[EXERCISE MATERIAL — start]

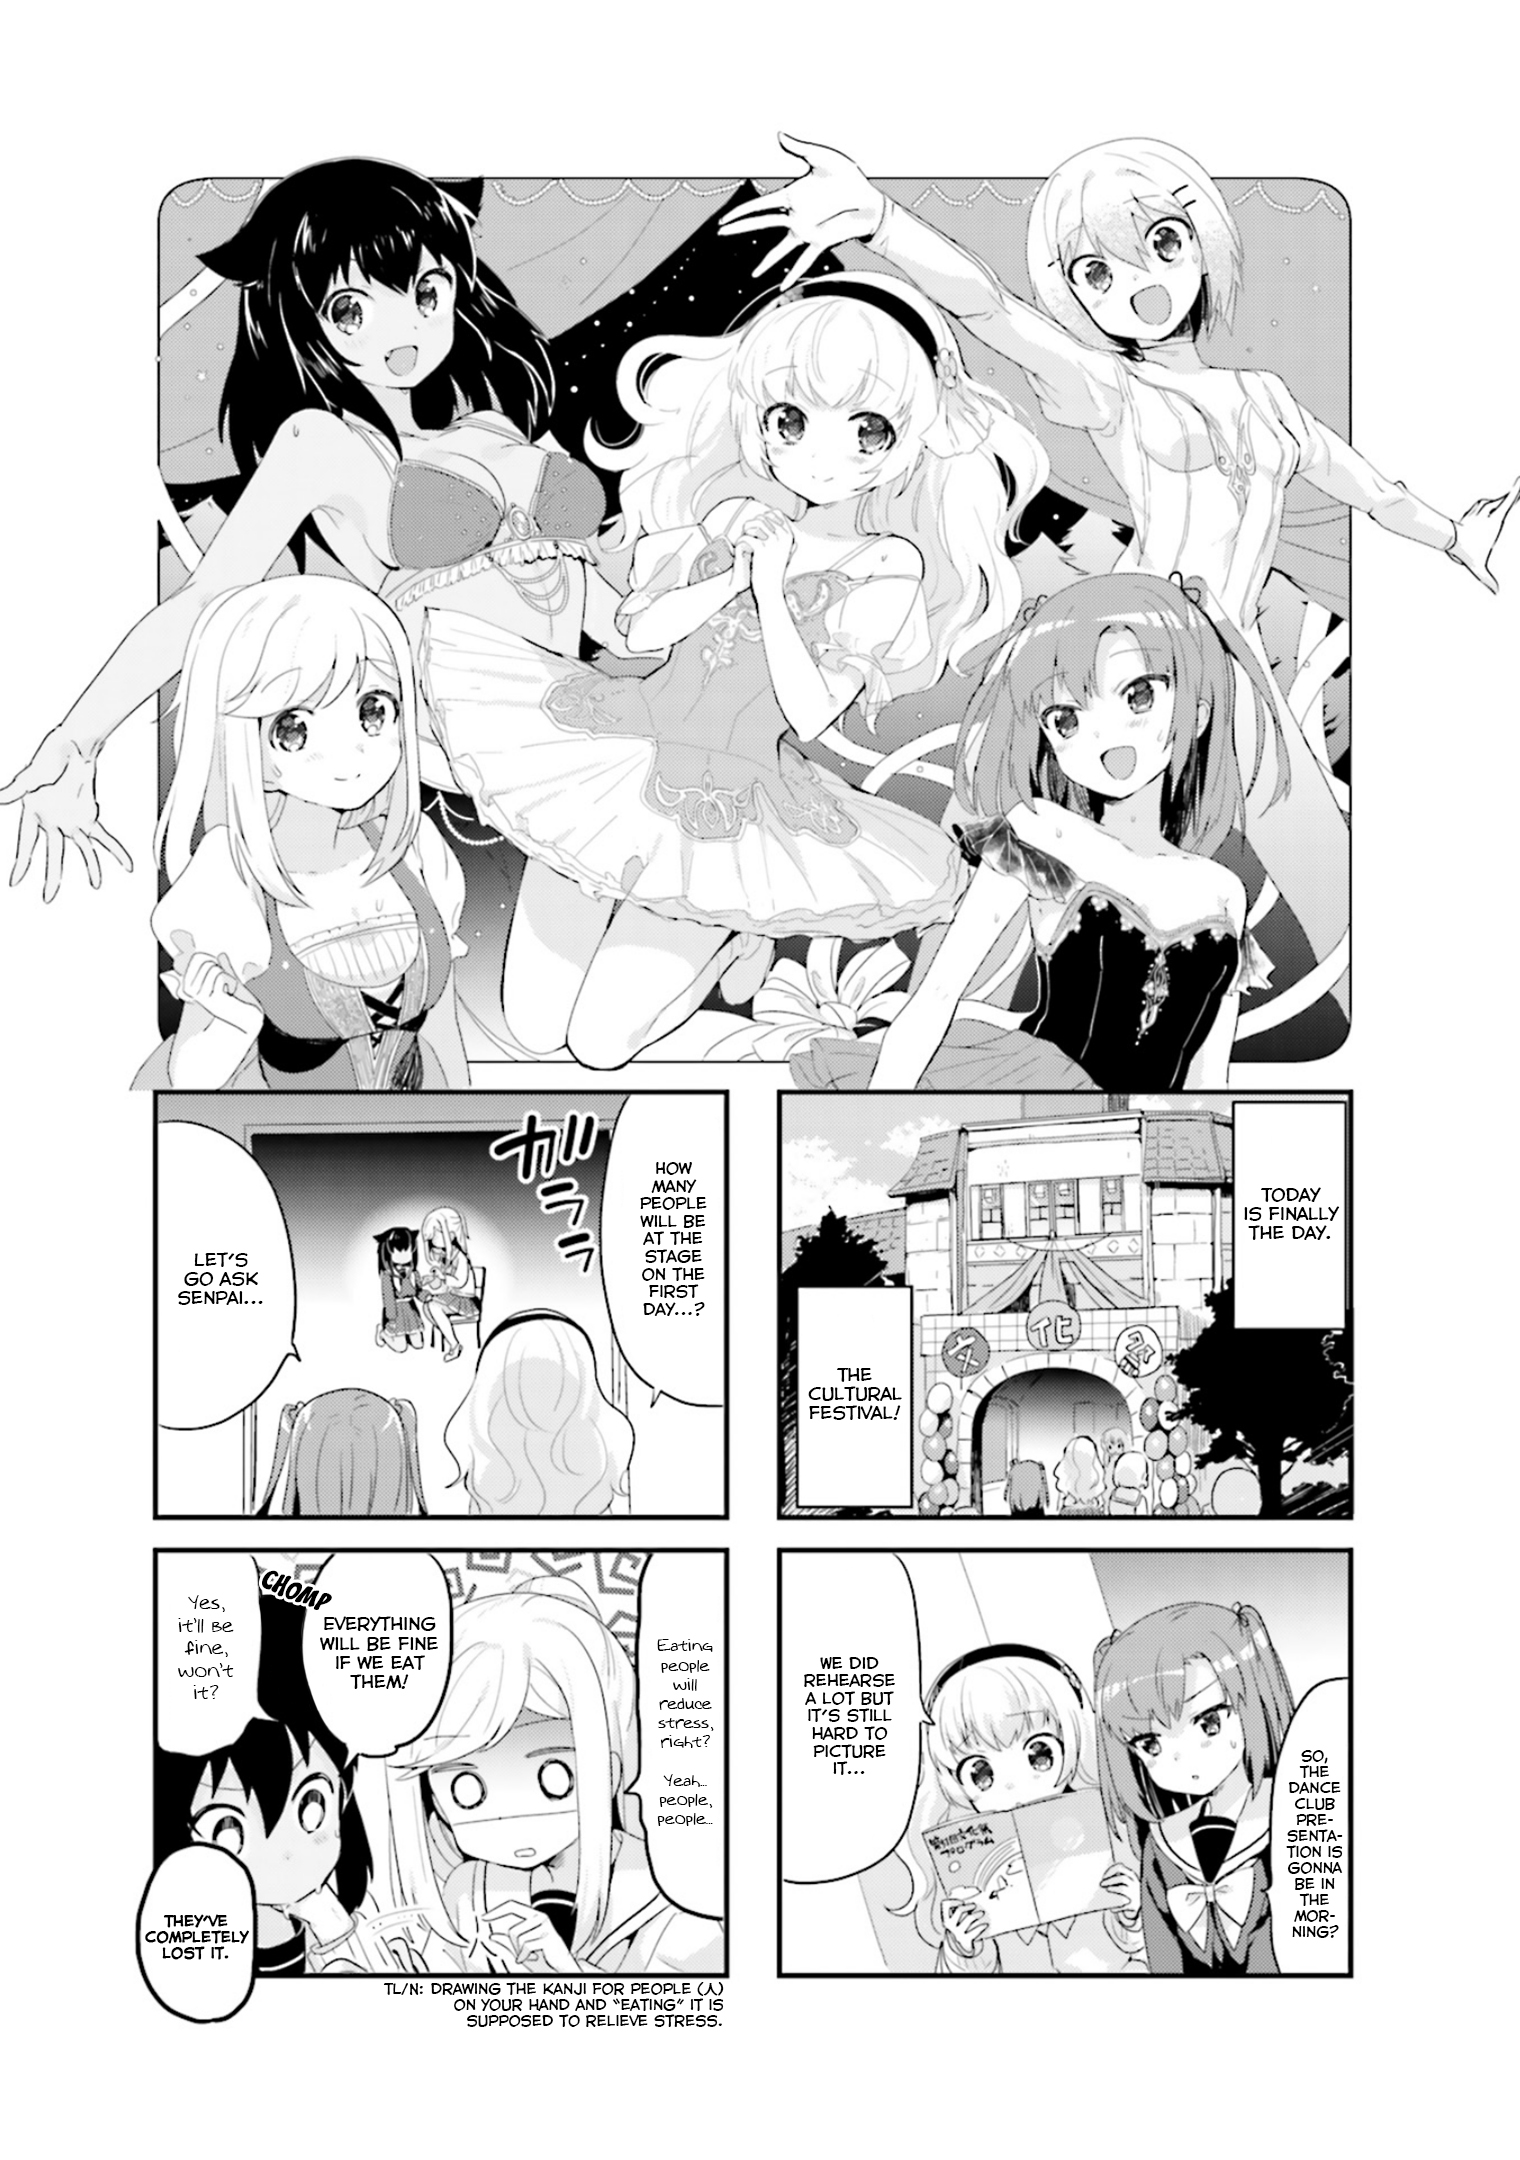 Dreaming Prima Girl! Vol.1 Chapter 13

[EXERCISE MATERIAL — finish]
[EXERCISE MATERIAL — start]

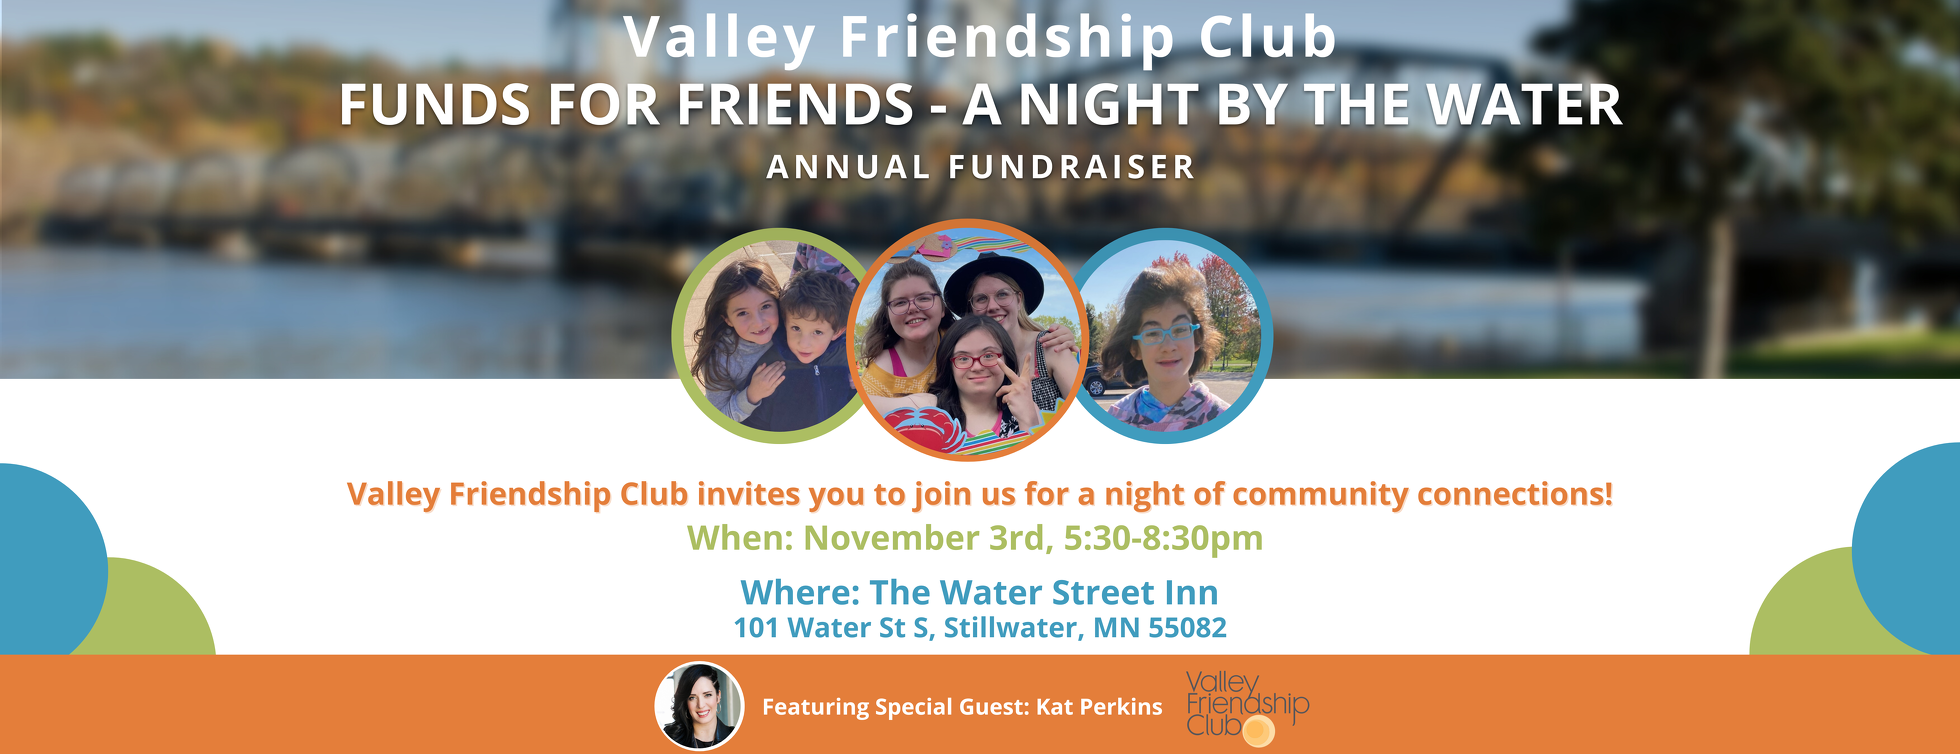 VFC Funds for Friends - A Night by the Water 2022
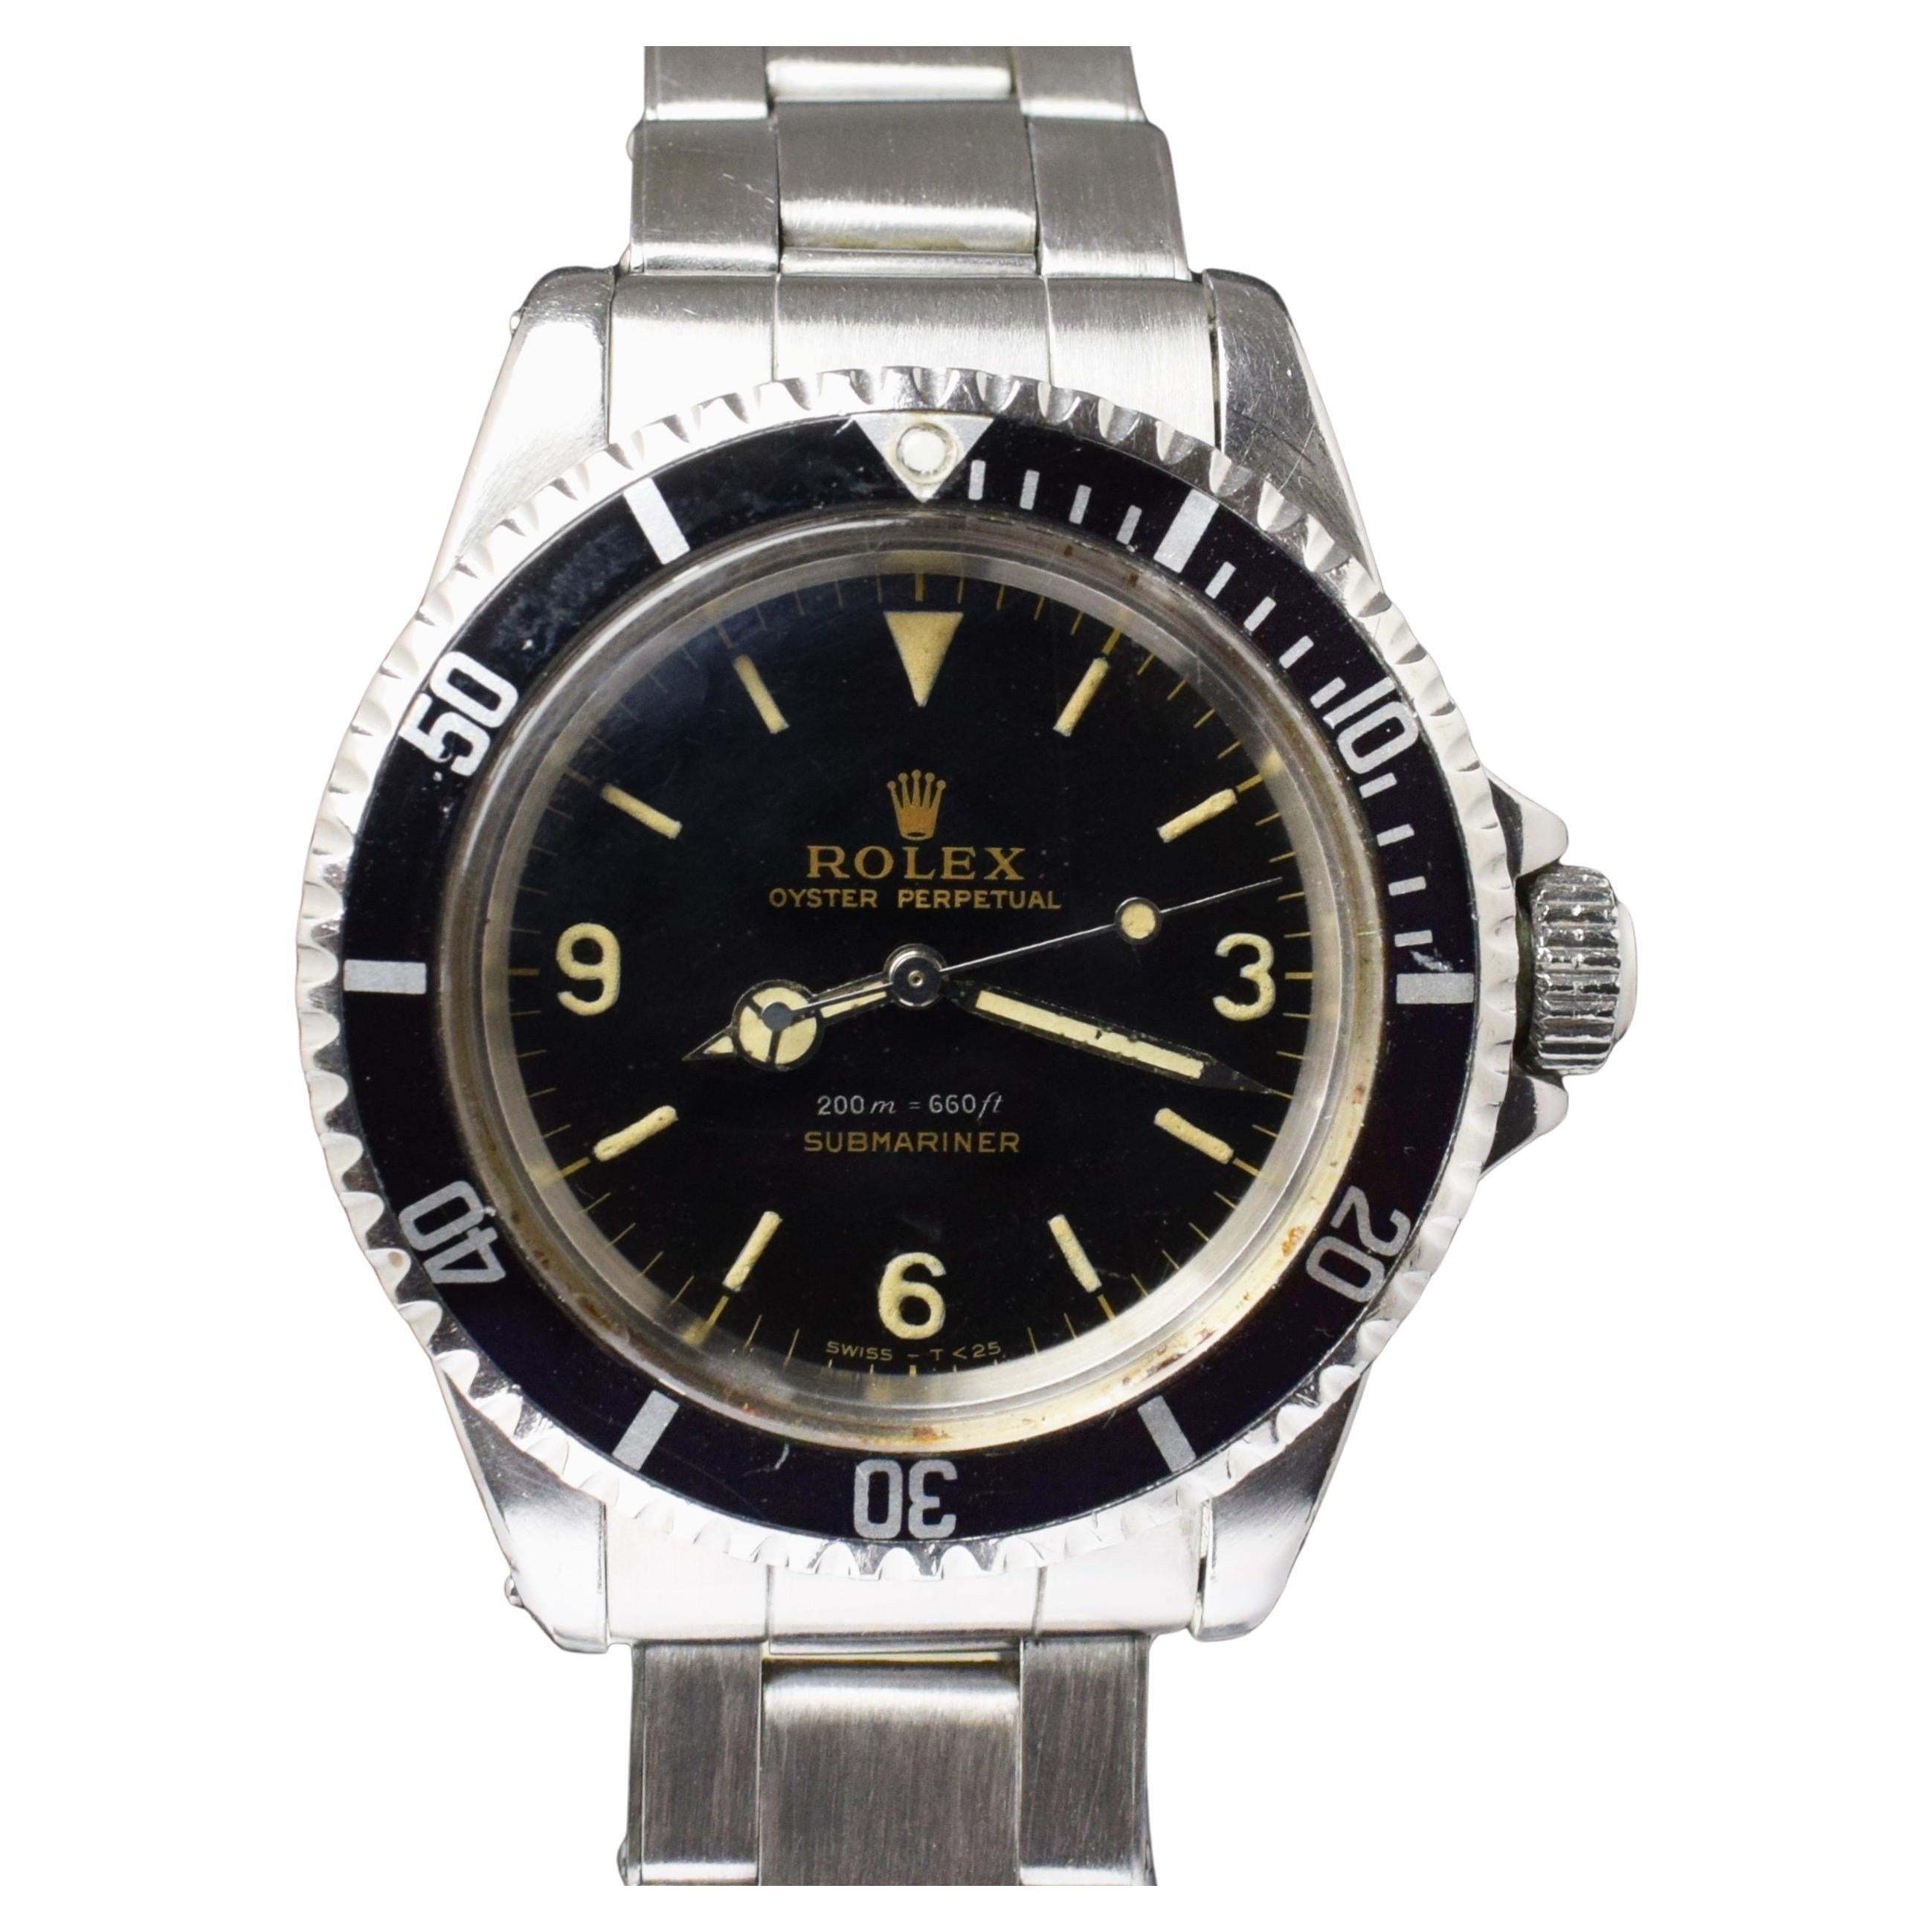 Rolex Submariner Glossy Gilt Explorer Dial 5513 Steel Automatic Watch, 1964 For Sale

[EXERCISE MATERIAL — finish]

§ WHAT IS NEEDED: For this exercise, transcribe exactly the part of the records above that opens with the line containing "VFC Funds for" and closes with the one containing "Rolex Submariner Glossy". Pictures are not part of the copy.

§ REPLY TO THE EXERCISE:
 VFC Funds for Friends - A Night by the Water 2022
 Rolex Submariner Glossy Gilt Explorer Dial 5513 Steel Automatic Watch, 1964 For Sale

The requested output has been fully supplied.